Petition calls for 'N-word'-using trustee to resign, but will it come to anything?

Ahead of tonight's special board meeting at the York Region District School Board, parents are calling on Nancy Elgie's resignation, a trustee who admitted to using a racial slur to refer to a parent. A petition has amassed more than 1,100 signatures.

Nancy Elgie apologized for using the racial slur against a parent last November

Charline Grant says she appreciates the apology from the York Region School Board trustee, but issues of systemic racism have long gone unaddressed under the watch of the board's current director. (Craig Chivers / CBC News)

Ahead of tonight's special board meeting at the York Region District School Board, parents are calling for the resignation of Nancy Elgie, a trustee who admitted to using a racial slur to refer to a parent. A petition has amassed more than 1,200 signatures.

Here's what you need to know ahead of the meeting.

Who is Nancy Elgie?

Elgie, 82, is a trustee for Georgina whose term will be up in 2018. She was elected to the board in 2000, and has been a trustee since. She also held the position of vice-chair in 2011, 2012, 2013 and 2015. Elgie is the widow of Dr. Robert Elgie, a former conservative MPP and cabinet minister under the government of Bill Davis.

What happened?

York Region District School Board Trustee Nancy Elgie has apologized after allegedly using a racial slur to refer to a black parent at a November meeting of the board. (York Region District School Board)

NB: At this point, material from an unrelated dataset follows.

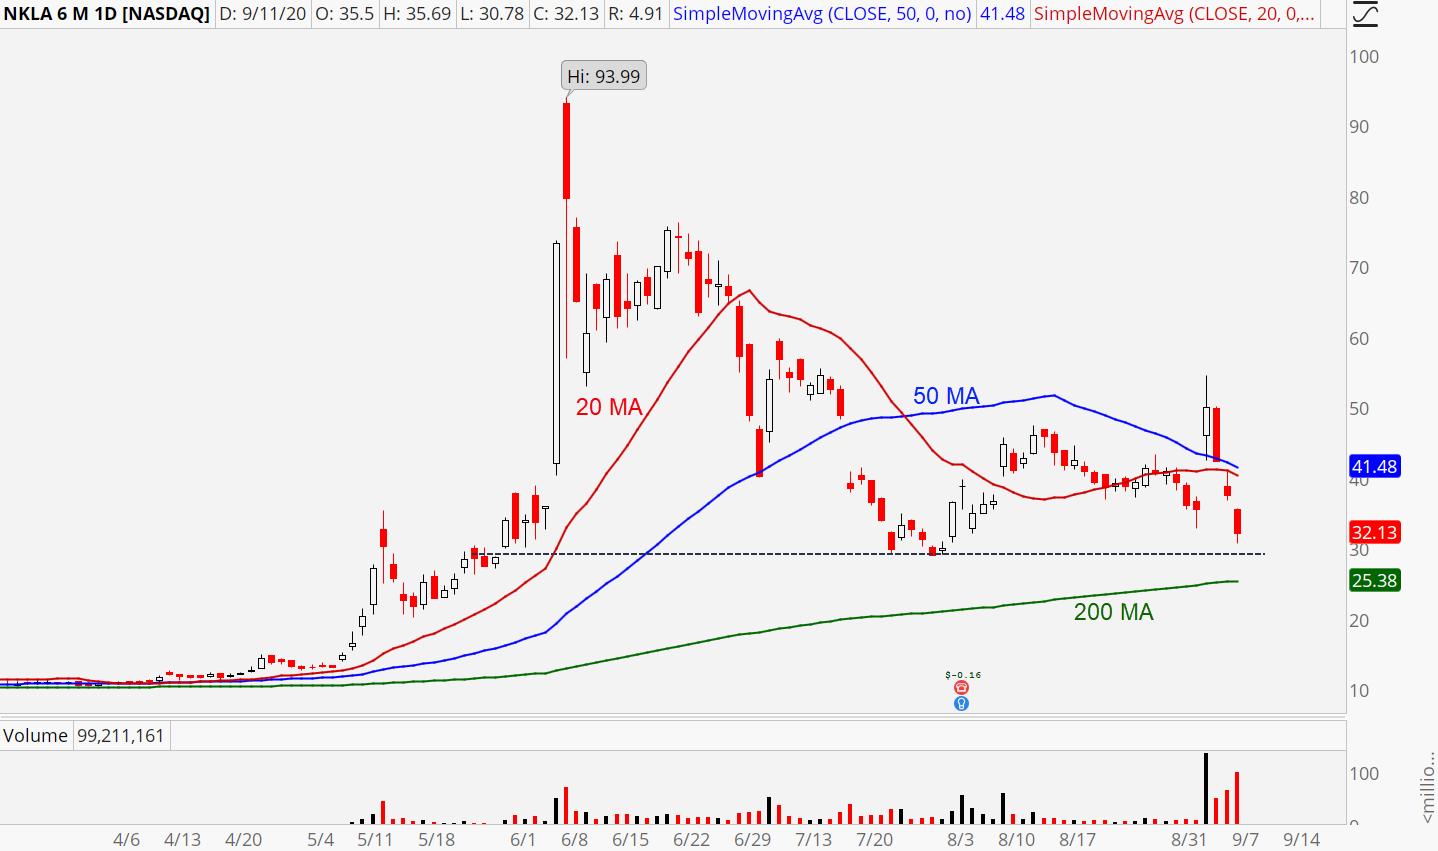 Nikola (NKLA) stock chart showing potential support zones
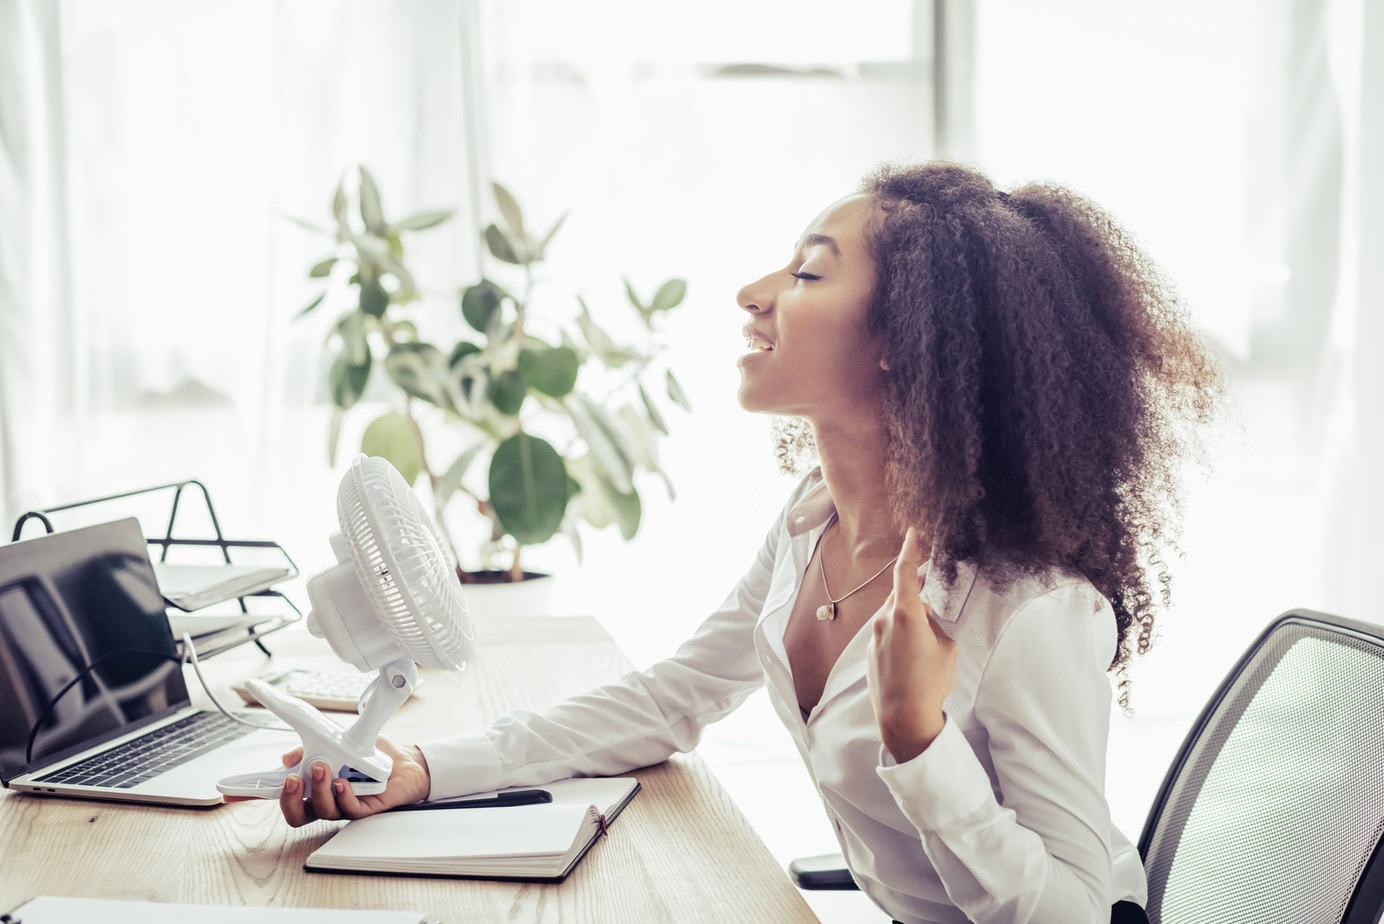 6 Best Desk Fans: Increase Office Air Flow & Comfort (2021)

During a public meeting on Nov. 22, Elgie used the N-word in reference to Charline Grant, a parent. Elgie admitted to using the slur in a letter to Grant.

The apology

In Elgie's letter to Grant, she apologized and committed to equity training, adding that "as soon as my brain registered what I had said, I was overcome with shock and dismay. I felt heartsick and deeply ashamed to have said something so hurtful – even unintentionally – and so foreign to the values I have held throughout my entire life."

Grant told CBC Toronto that the apology doesn't do enough to solve the problem of systemic racism within the board, and she is calling on the board's director, Jegan-Philip Parappally, to step down.

No person who holds public office has reached out in sympathy or apologized to Grant.

What could happen tonight?

A trustee is a publicly elected official so cannot be removed from office, forced to step down or retire.

This leaves the school board with minimal power when it comes to disciplining trustees.

A petition, which has garnered more than a thousand signatures, will be presented at tonight's meeting, parents told CBC Toronto. 

But it's unlikely any action will be taken tonight.

"The petition would be received as an information item and would be scheduled during an upcoming information meeting for review by trustees," said Christina Choo-Hum, manager of corporate communications for the board.

If a formal complaint is launched against Elgie, alleging a breach of the YRDSB code of conduct for trustees, the possible sanctions are: 

  • Censure — a formal disapproval of actions.
  • Being barred from attending all or part of board meetings.
  • Being barred from sitting on board committees for a period of time.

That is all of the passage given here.